I don't know. I run operations for a business that somehow manages to control spending and end the year with a little more in the bank than the prior year. We struggle every day to make it, but it seems as though we somehow get through the economic pressures, the taxes, the health care costs, the monthly inspections by the regulatory agencies (OSHA, EPA, DOH, electrical inspectors, etc). Seems awfully hard some days compared to just holding out our hands and asking for a bailout.

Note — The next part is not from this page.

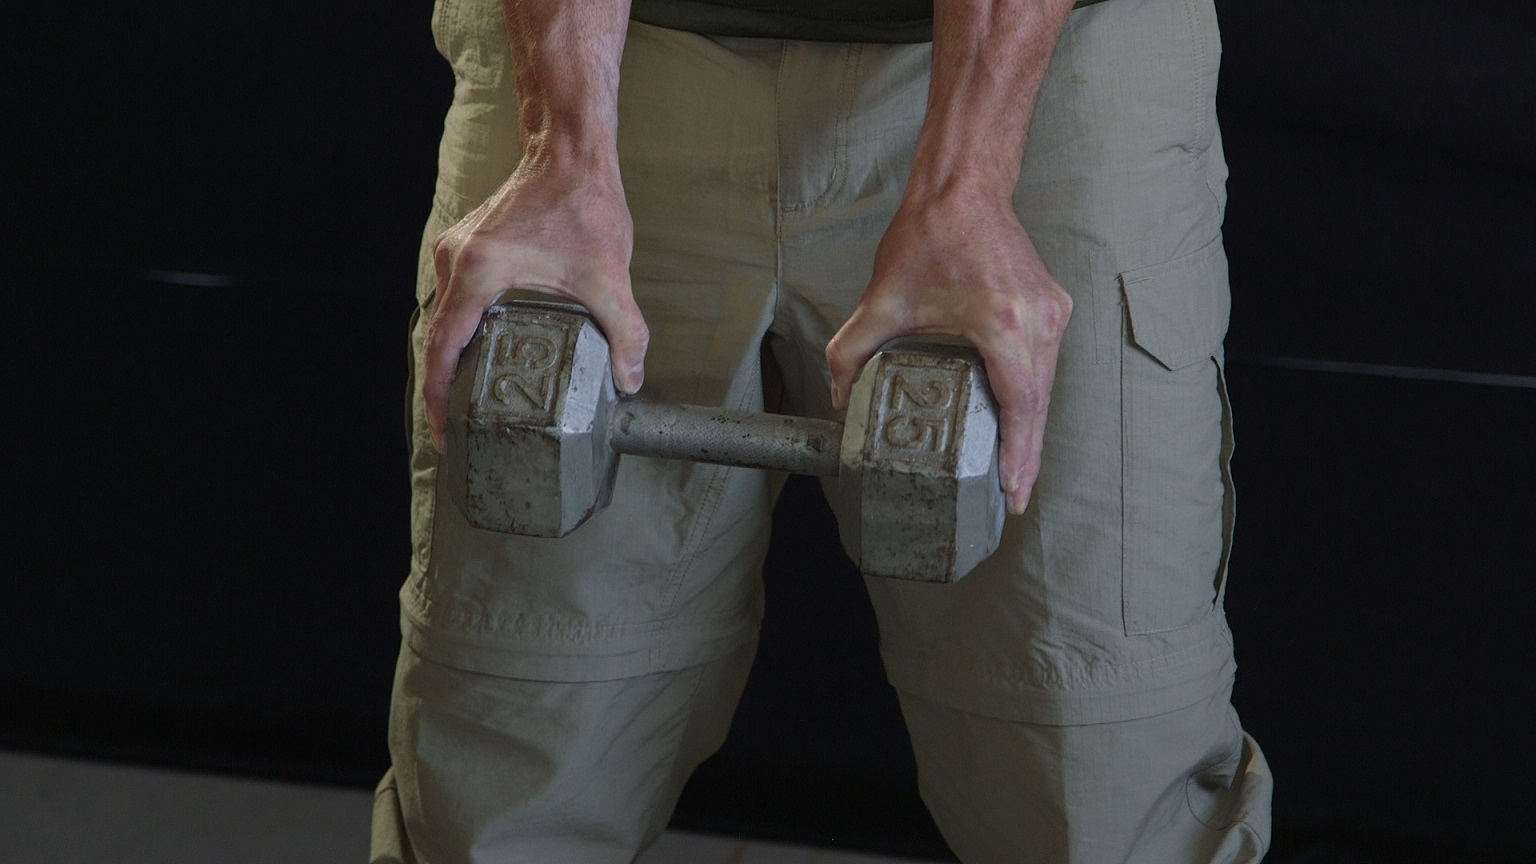 Part 5: Closed Pinch Grip Training product featured image thumbnail.

Over the past few years my wife and I have had to squeeze out the spending and swtiched from an occasional steak on the grill to hotdogs, from playing golf to walking the dog, from nicer cars to almost-reliable used ones, from vacations in neat destinations to going over to the neighbors for a beer on a weekend evening. We have a son going off to college and want to make sure we can help him with some of the cost while avoiding debt. Strange idea, I know. We cut up the credit cards a few years ago because we recognized the temptations. I have worked hard (averaging 10-12 hours a day for 22 years now) to get to the point where I make a decent salary. The income taxes I paid last year are probably equal to the total wages some guys make in a year. I have been blessed and know it. But now I am a bad guy that doesn't pay enough yet??? I am beginning to wonder why I do it. I am really beginning to wonder why I do it here in the State of MN where the attack on the "makers" is just as fierce as it is on the federal level. Looks a lot like the view of the unfriendly end of a double barrel shotgun.

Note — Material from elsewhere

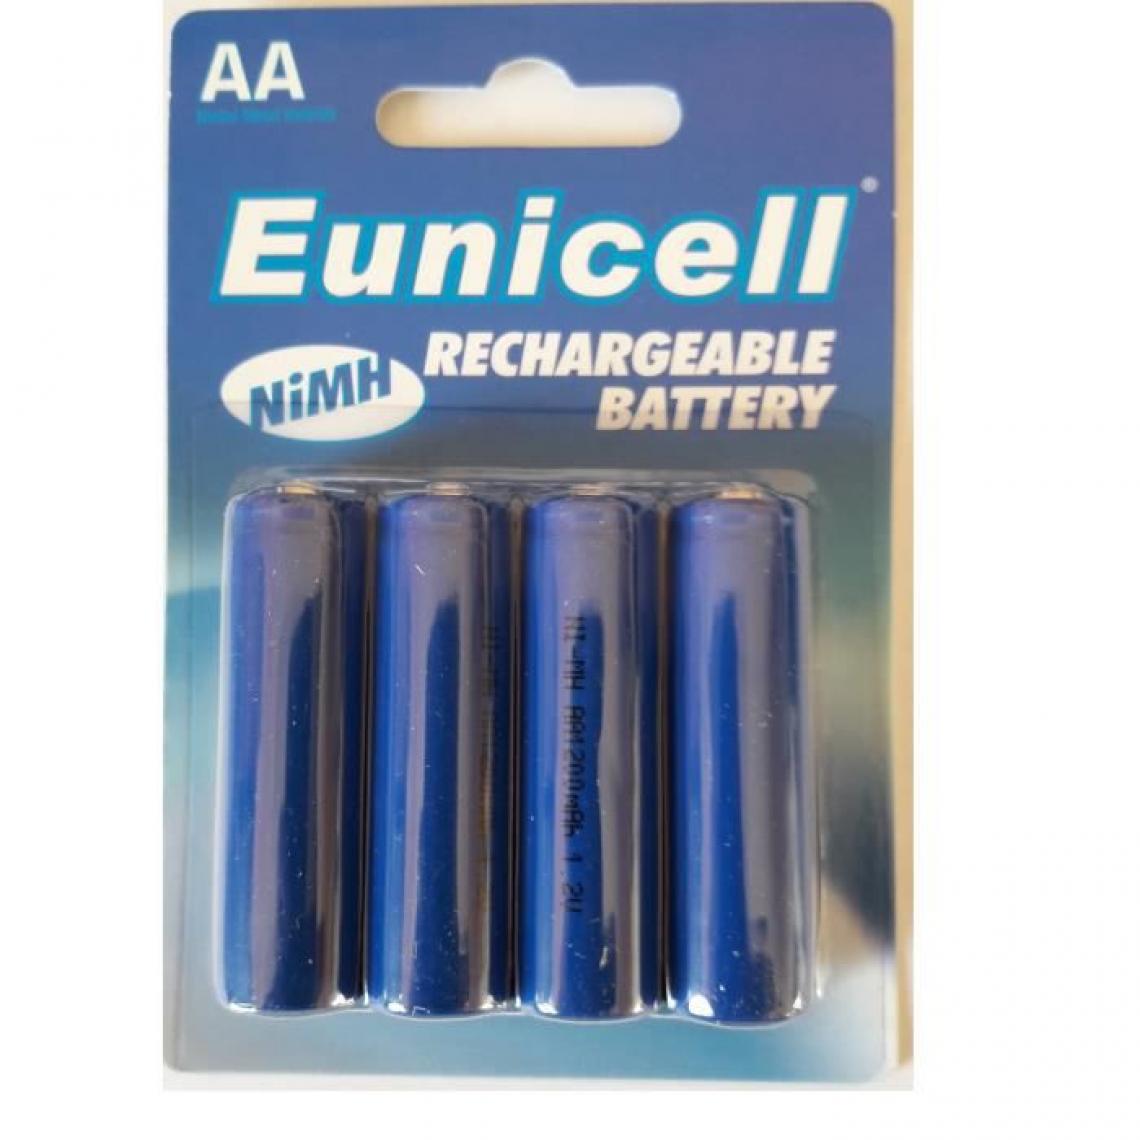 Eunicell - EUNICELL 4 piles rechargeables AA - LR06 - LR6 1,2 volt 1200 mAh - Piles rechargeables

My Dad must have been a simple man because he raised me to do a few things that look awfully "hick" now-a-days:

1. love the God that made you and tell him thanks every day - even for the simple things like family, job, and food
2. take care of your family. If anyone threatens them, give him a chance to back off, but use every means necessary to stop him if he doesn't
3. take only what you work for
4. help someone else... shovel their driveway, feed him, give him $20... but only if he can't take care of himself
5. feel shame if you lie, cheat, steal, or fail to come to the aid of someone needing real help

America is on the verge of having to come to grips with the reality of the situation. We are 2 very different people living within one border. The divide isn't along the Mississippi, but along lines of ideology. How long would the Takers make it if the Makers decided not to play anymore? How long would the ruling class be able to drive (excuse me... be driven in) the big cars if we decided they aren't going to "represent" us anymore? How long before this blog post gets me "noticed"?

No, I am not a crackpot looking for a revolution. I know we need to settle this stuff at the voting booth and not through the crosshairs. I am hopeful we have learned our lesson as we watched a once great and beautiful Europe erode to one big long food line. I hope the guys in Washington can turn off the cameras, roll up their sleeves, and do their jobs.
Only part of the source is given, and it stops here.